= Mapparium =

Stained glass globe in Massachusetts, US

The Mapparium is a three-story-tall globe made of stained glass that is viewed from a 30 ft bridge through its interior. As of August 2021, it was part of the "How Do You See the World?" exhibit of the Christian Science Publishing Society in Boston, Massachusetts.

Built in 1935 and based upon Rand McNally political maps published the previous year, the Mapparium shows the political world as it was at that time, including such long-disused labels as Italian East Africa and Siam, as well as more recently defunct political entities such as the Soviet Union. In 1939, 1958, and 1966 the Church considered updating the map, but rejected it on the basis of cost and the special interest it holds as a historical artifact.

==Design and construction==
In the 1930s, during the construction of the Christian Science Publishing Society building, the architect Chester Lindsay Churchill was inspired to design a globe to represent The Christian Science Monitors global awareness and global reach.

Churchill was originally influenced by the famous spinning globe in the lobby of the New York Daily News Building.

The 608 stained glass panels were produced by the Rambusch Company of New York City and the Mapparium was opened to the public on June 1, 1935.

The Mapparium was closed in 1998 for a four-year cleaning and renovation. It reopened in 2002 as an exhibit of the Mary Baker Eddy Library, and now features a light-and-sound-show that illustrates how the world has changed since 1935. Computer-controlled lighting by the Color Kinetics company provides effects and highlights regions as the narration discusses them. The stained glass restoration was performed by the Boston-area firm Serpentino Stained Glass. As of August 2021 the Mapparium is no longer an exhibit of the Mary Baker Eddy Library, but is part of the Church’s ‘How Do You See the World?’ exhibit on the ground floor of the Christian Science Publishing House.

In 2004, the name Mapparium was registered as a U.S. trademark (#2861312) by the Board of Directors of The First Church of Christ, Scientist, for "Educational services, namely, providing an educational exhibition of the earth. First use: 19350531. First use in commerce: 19350531."

===View from within===
The Mapparium was designed to allow the countries of the world to be viewed in accurate geographical relationship to each other, hence the design of the Mapparium—a mirror-image, concave reversal of the Earth, viewed from within. This is the only configuration that places the eye at the same distance from every point on the globe.

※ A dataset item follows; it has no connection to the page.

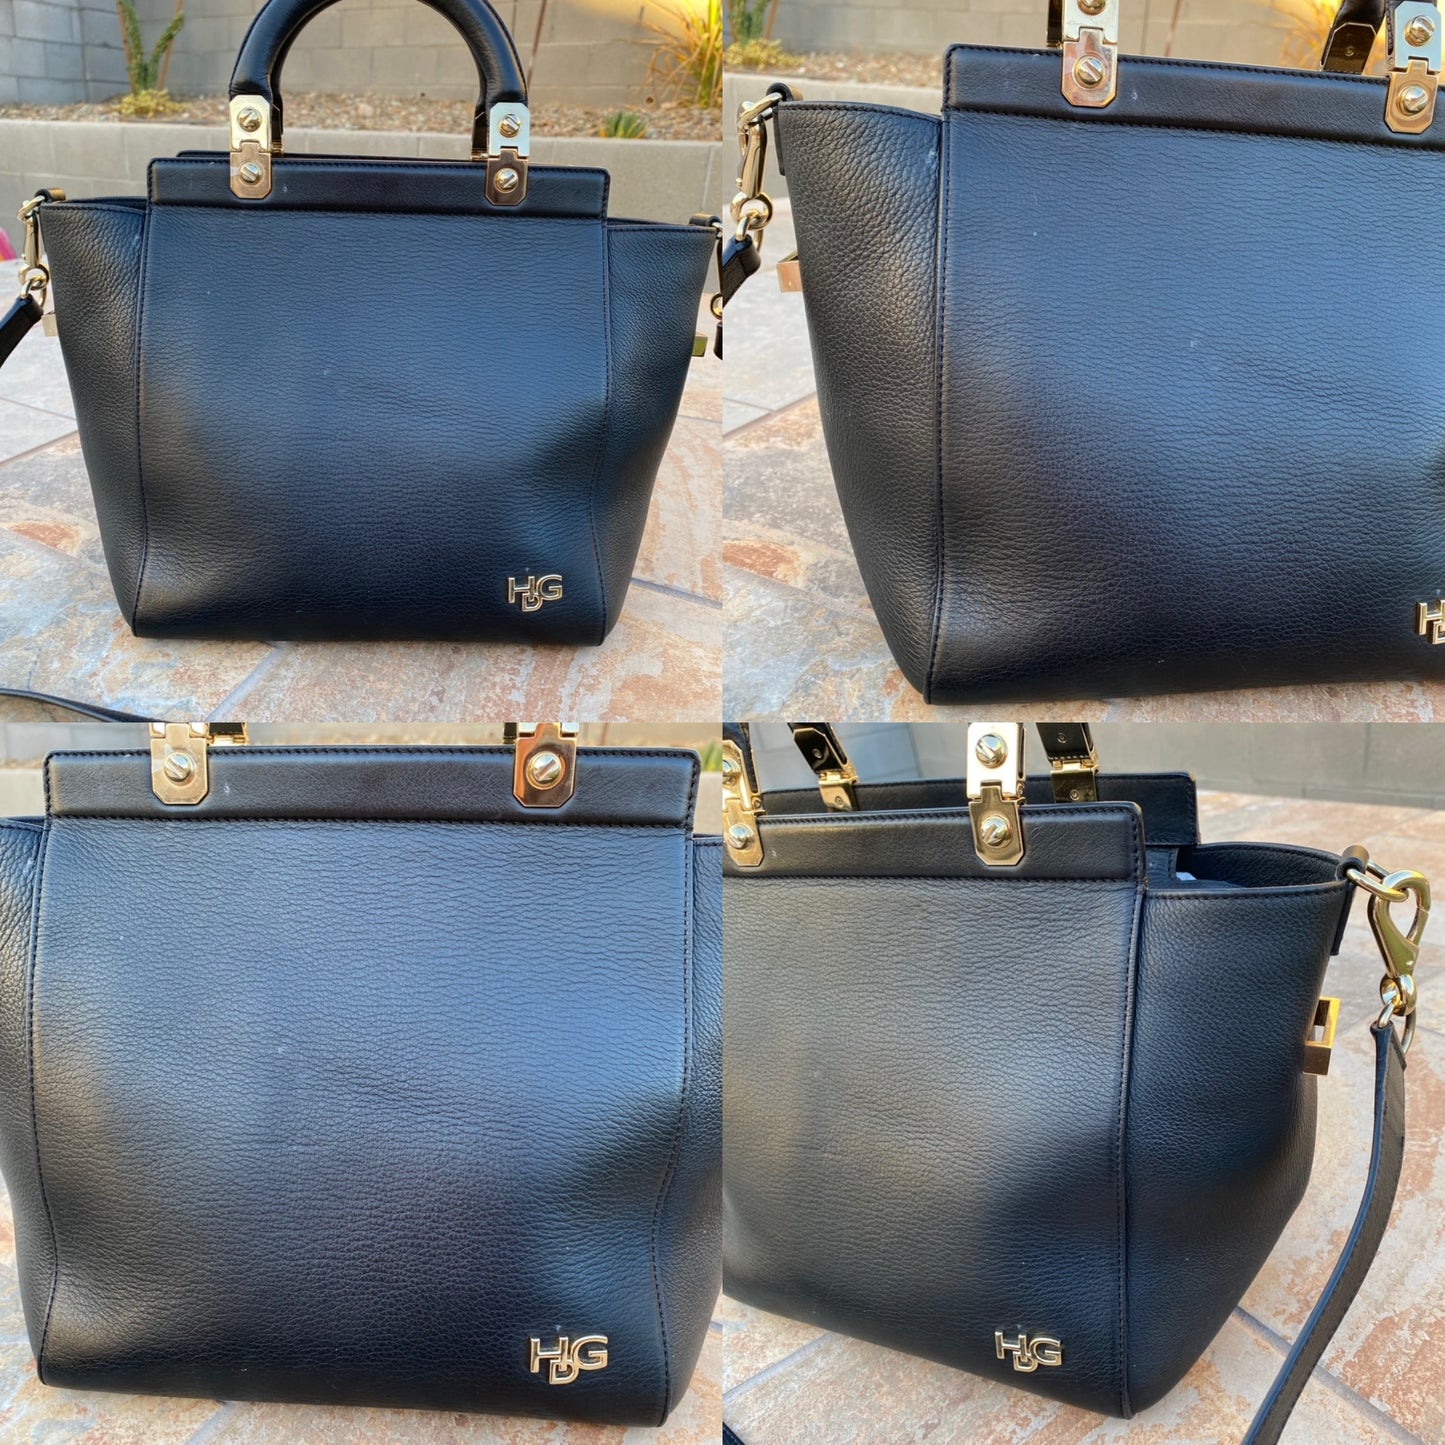 Givenchy HDG Calf Leather Shoulder Bag

Andrew Sinclair's comments show the success of this idea

The Mapparium is so large, and you can see so much of it at once (because it's concave instead of convex), that you can really get an idea of relative sizes and distances. For example, you can see why a plane from London to San Francisco flies over Montana, Idaho, Oregon and Nevada. You also notice just how far north the United States, Europe, and Asia are. Standing at the equator, you really have to strain your neck to see them.

===Acoustics===
The hard spherical surface of the globe reflects sound and produces striking acoustical effects. It forms a remarkable whispering gallery so that visitors standing at corresponding locations near opposite ends of the bridge can speak to each other and be heard as if they were standing next to each other. One visitor writes:

There are many whispering galleries around the world, such as in St Paul's Cathedral in London, or the Echo Wall in Beijing's Temple of Heaven. However, the Mapparium is different in that speaking in any direction, since it is a full sphere, will result in the same effect. Furthermore, standing in the middle of the sphere and speaking produces the unnerving effect of hearing yourself in surround sound with startling clarity.